Bruxelles – Il Meccanismo europeo di stabilità non convince, la riforma del trattato che istituisce al fondo salva-Stati nuovi mandato e poteri è oggetto di preoccupazione che al momento appare difficile dissipare. Il ‘no’ italiano al MES dunque rimane. Il ministro dell’Economia, Giancarlo Giorgetti, ha spiegato che non ci sono le condizioni, nell’Italia di oggi, per andare avanti. L’informativa attesa in seno all’Eurogruppo sul voto che a fine dicembre ha affossato l’entrata in vigore del nuovo MES serve a fare il punto, e soprattutto a “ragionare” su come procedere sulle possibili via d’uscita da una situazione di stallo, come scandisce il presidente dell’Eurogruppo, Paschal Donohoe.
I partner non fanno che ripetere che è il momento della riflessione, e che quello che il titolare del Tesoro ha da dire aiuta o può essere d’aiuto per cercare soluzioni. Riaprire dibattito e file non è una di questa. Fonti di uno Stato membro UE diverso dall’Italia lo dicono chiaramente. “E’ difficile immaginare che 19 Paesi che hanno già ratificato l’accordo lo rimettano in discussione e spingano per una modifica“, è la posizione che sembra prevalere. Detto in altri termini, è più semplice convincere un solo Paese che diciannove. E si intende lavorare ai fianchi della maggioranza per sormontare l’ostacolo parlamentare. “Serve una nuova narrativa” in Italia, insistono le stesse fonti. Serve “una narrativa positiva”. Vuol dire spiegare in modo diverso, per eliminare lo spauracchio MES che si è installato nello Stivale.

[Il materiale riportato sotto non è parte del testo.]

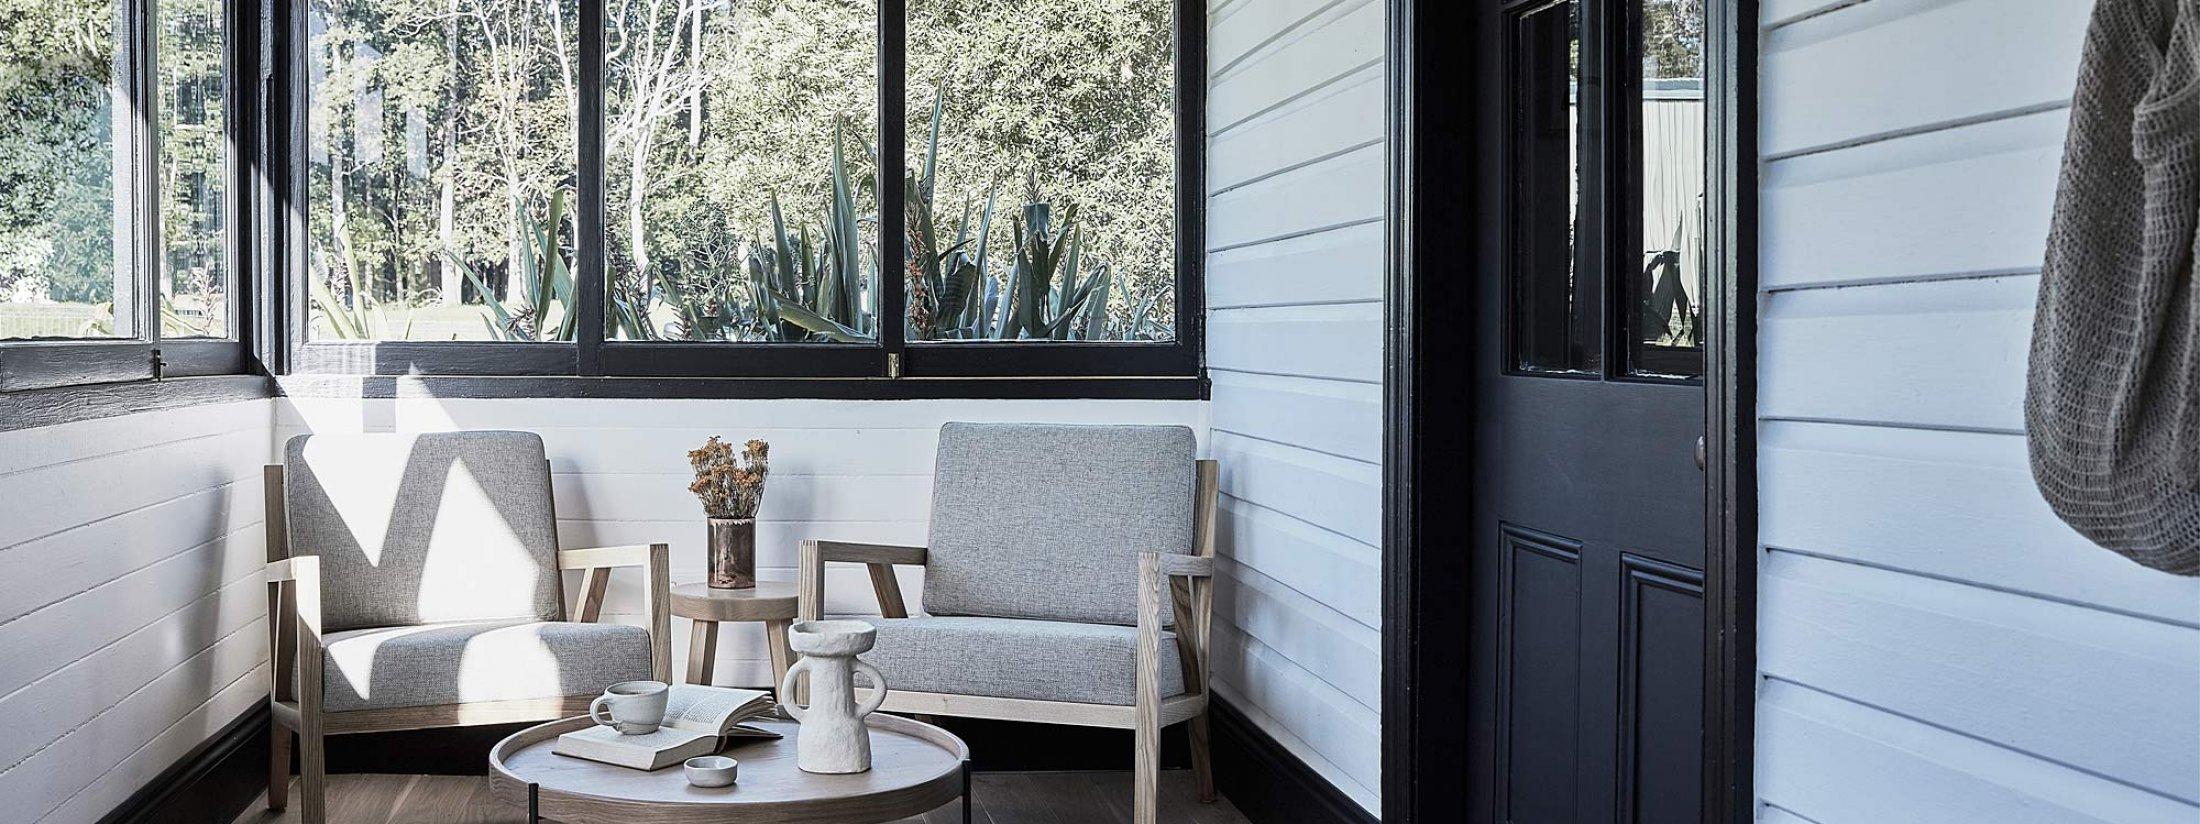 Bennys Cottage - Byron Bay - Real Living Shoot Veranda Seating

Il ruolo del ministro dell’Economia italiano, in questo tentativo di sbloccare la situazione, è considerato fondamentale. Si vogliono evitare strappi, conflitti politico-istituzionali, perché non gioverebbe a nessuno. Quello che si vuole è un lavorio, in Italia, per convincere i partner e trovare i numeri che servono alla Camera e al Senato. Dohonoe insiste sul fatto che “continueremo a lavorare con Giorgetti”, concetto espresso a più riprese al termine dei lavori dell’Eurogruppo.
Il direttore esecutivo del MES, Pierre Gramegna, invece ricorda che sull’Italia gravano delle responsabilità per ciò che può succedere: “Fortunatamente questo voto negativo del Parlamento è giunto in un momento in cui non c’è una crisi finanziaria né le banche dell’eurozona sono in sofferenza“. Un invito e un avvertimento impliciti a trovare una soluzione.
Lo stesso invito arriva dal commissario per l’Economia, Paolo Gentiloni. “Certo c’è rammarico per la decisione” sulla riforma del trattato MES in Italia, “ma il Parlamento è sovrano”, sottolinea. Nulla è perduto, comunque, e anzi lo stop in Italia non deve essere motivo di fine lavori. Al contrario, “credo che questo rammarico debba tradursi nella spinta verso una soluzione“.